0

In pandas, I can successfully run the following:

def car(t)
    if t in df_a:
       return df_a[t]/df_b[t]
    else:
       return 0

But how can I do the exact same thing with spark dataframe?Many thanks!
The data is like this

df_a
a 20
b 40
c 60

df_b
a 80
b 50
e 100

The result should be 0.25 when input car(a)

6
  • What are you trying to compute? Commented Oct 18, 2016 at 13:35
  • I am using hadoop, just want to convert the code from pandas to spark Commented Oct 18, 2016 at 13:43
  • Yes but what does that function do, you should show the input and the output. Commented Oct 18, 2016 at 14:18
  • df_a contain the id, I run df_a.value_counts() before I run the code above. Commented Oct 18, 2016 at 16:01
  • Are you using Scala or Pyspark? Commented Oct 18, 2016 at 16:11

1 Answer 1

3

First you have to join both dataframes, then you have to filter by the letter you want and select the operation you need.

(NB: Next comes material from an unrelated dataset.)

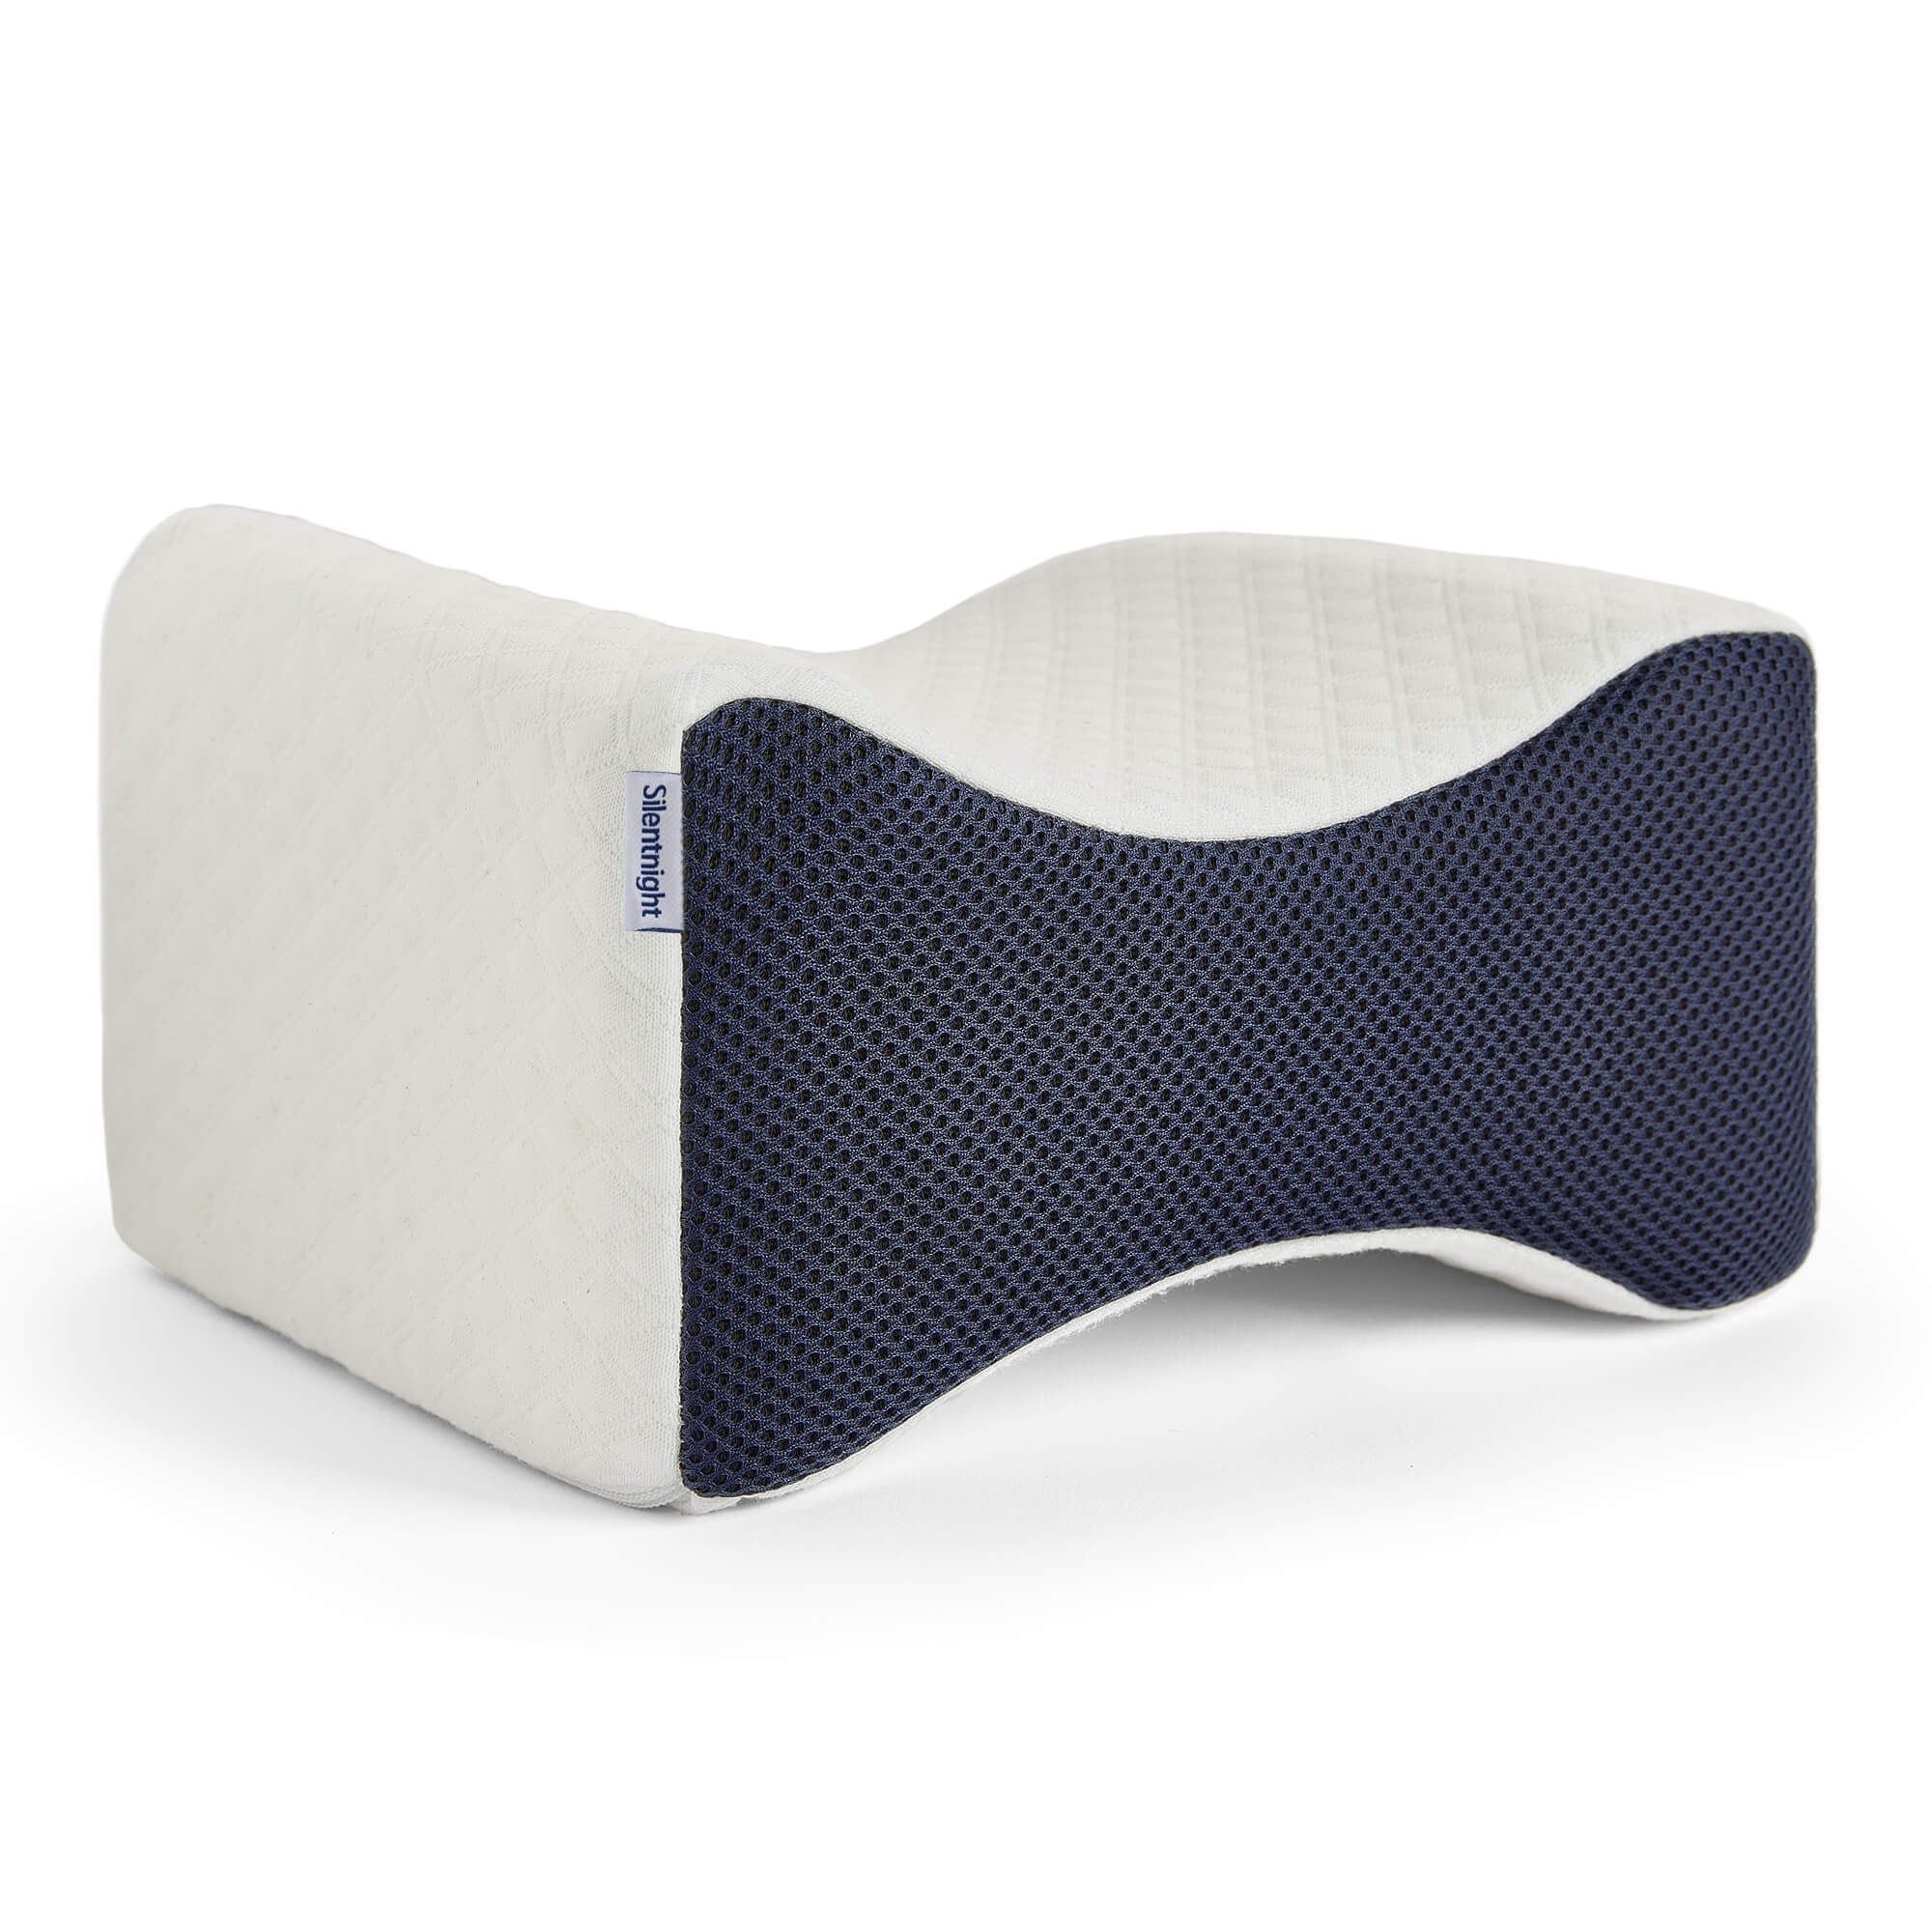 Silentnight Sleep Therapy Hip & Knee Support Pillow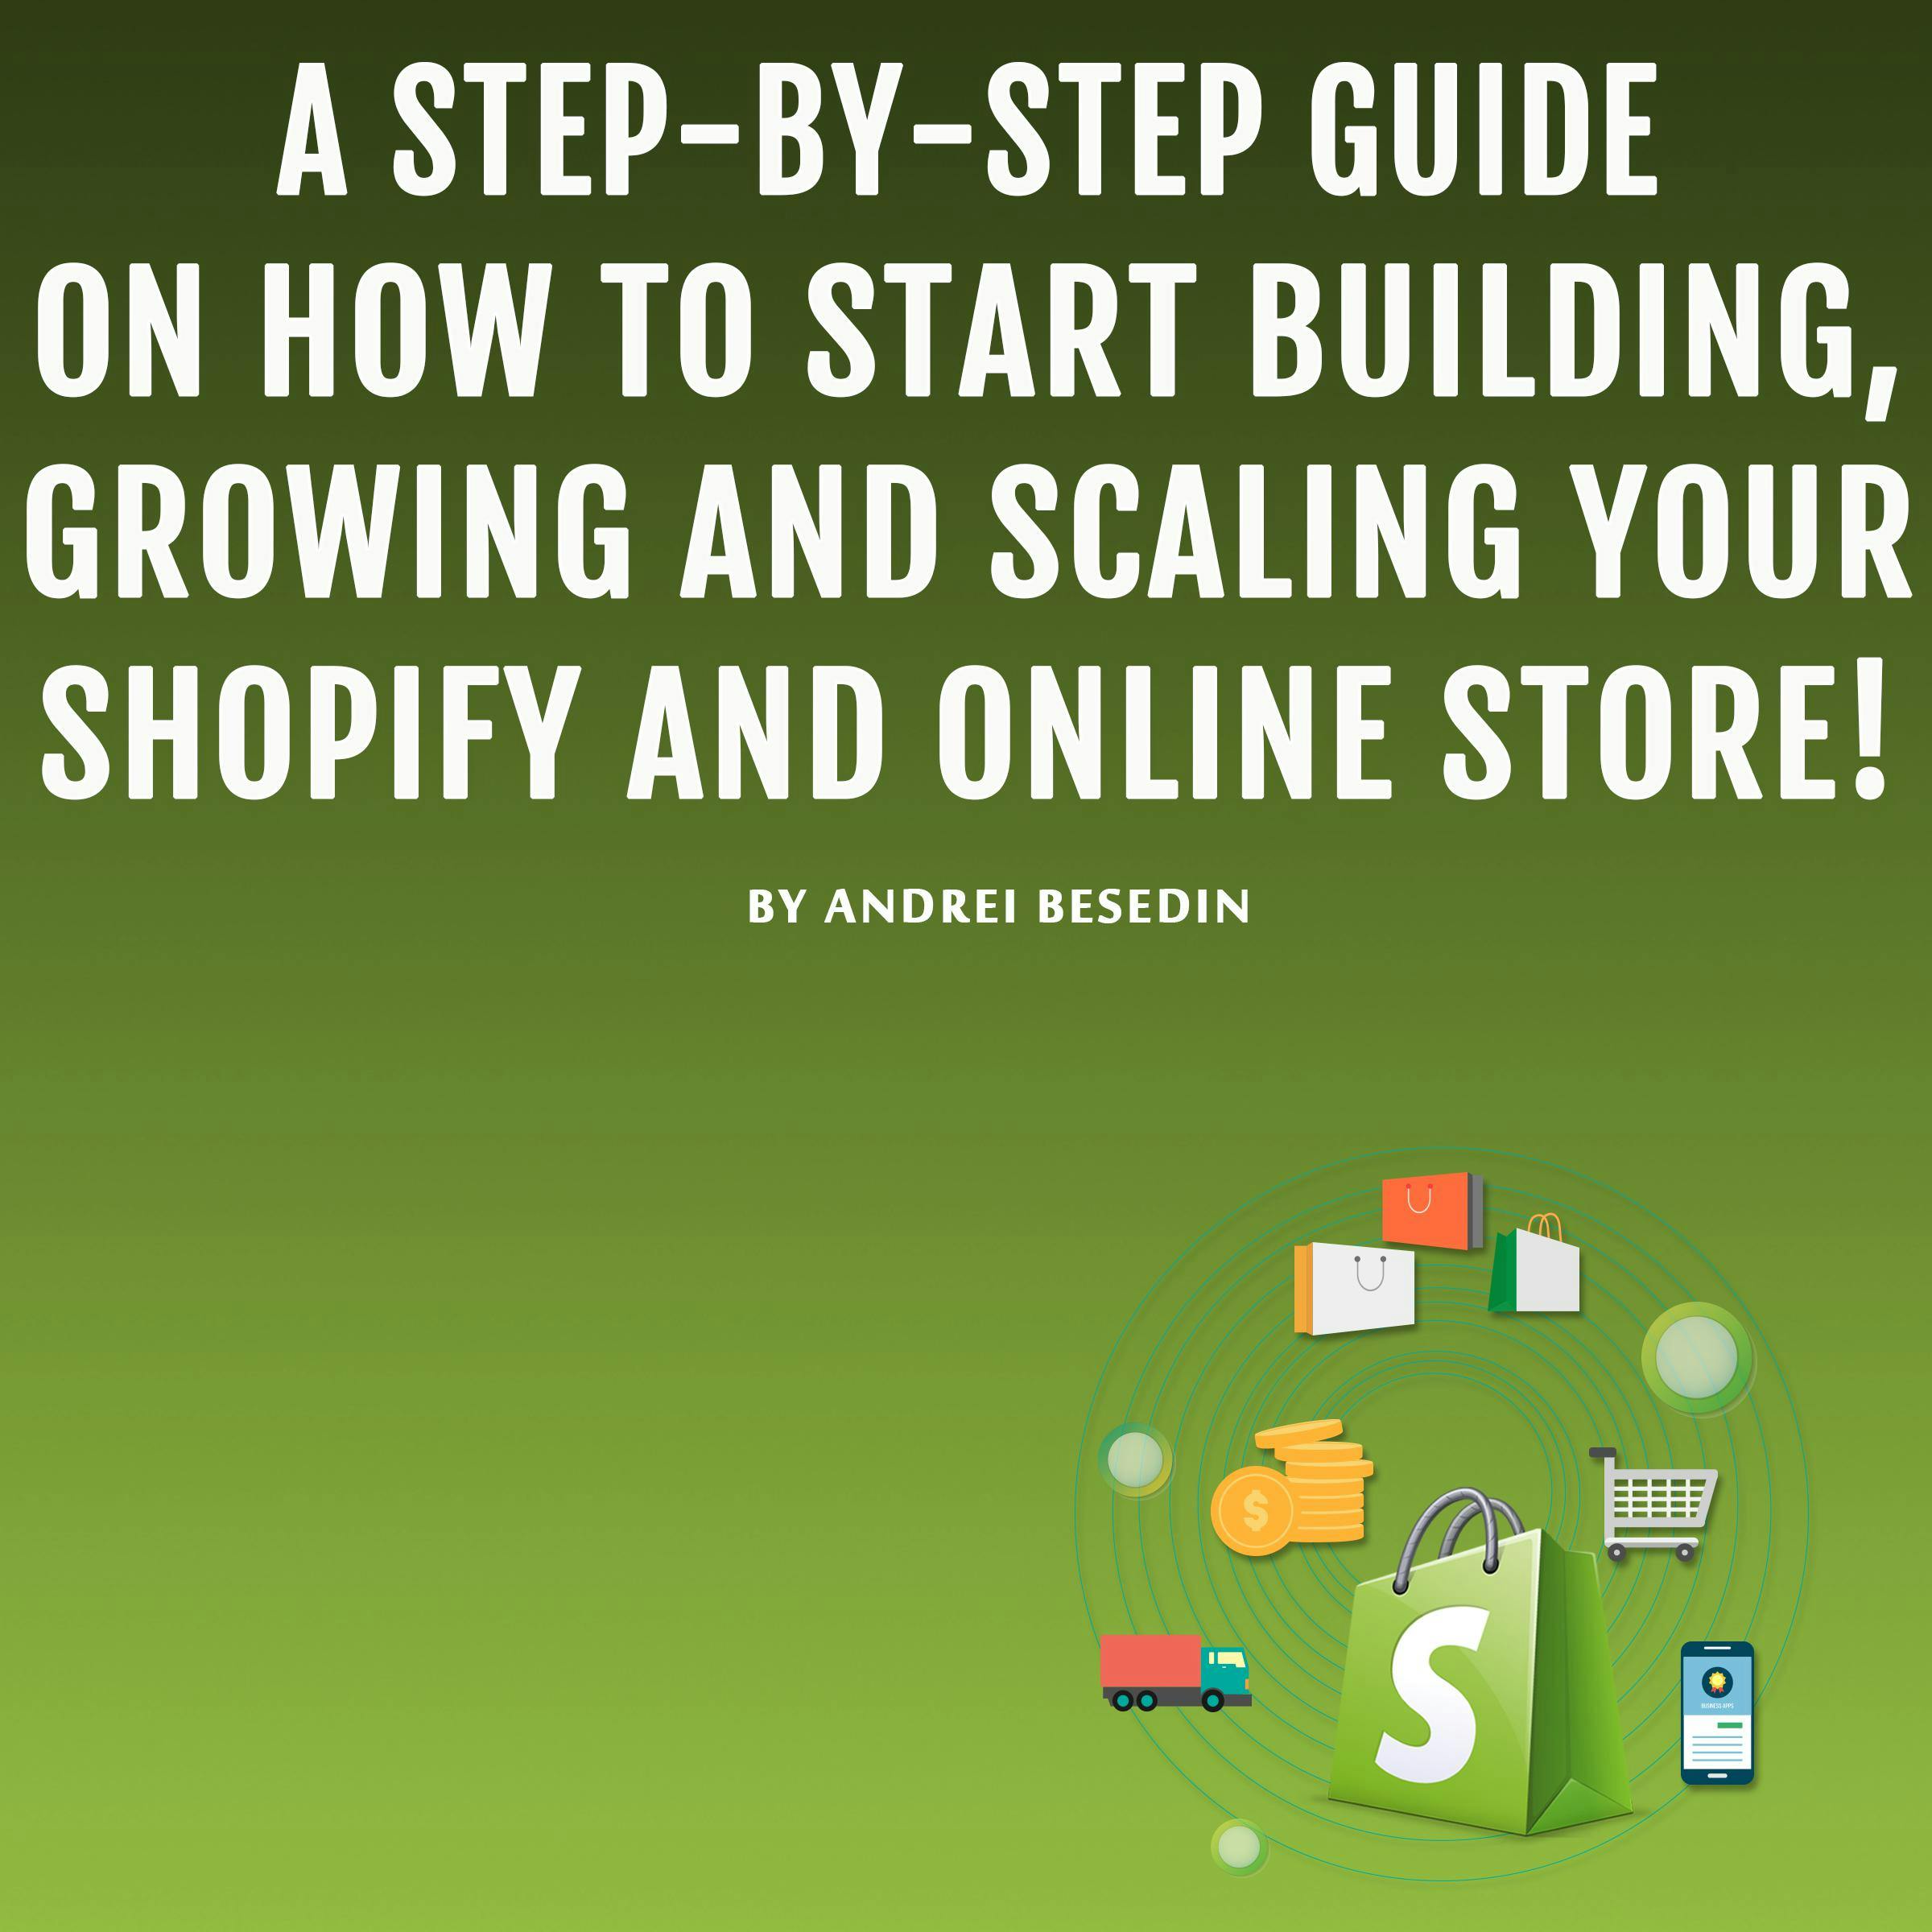 A Step-by-Step Guide on How to Start Building, Growing, and Scaling Your Shopify and Online Store! - Andrei Besedin

df_a = sc.parallelize([("a", 20), ("b", 40), ("c", 60)]).toDF(["key", "value"])
df_b = sc.parallelize([("a", 80), ("b", 50), ("e", 100)]).toDF(["key", "value"])

def car(c):
  return df_a.join(df_b, on=["key"]).where(df_a["key"] == c).select((df_a["value"] / df_b["value"]).alias("ratio")).head()

car("a")

# Row(ratio=0.25)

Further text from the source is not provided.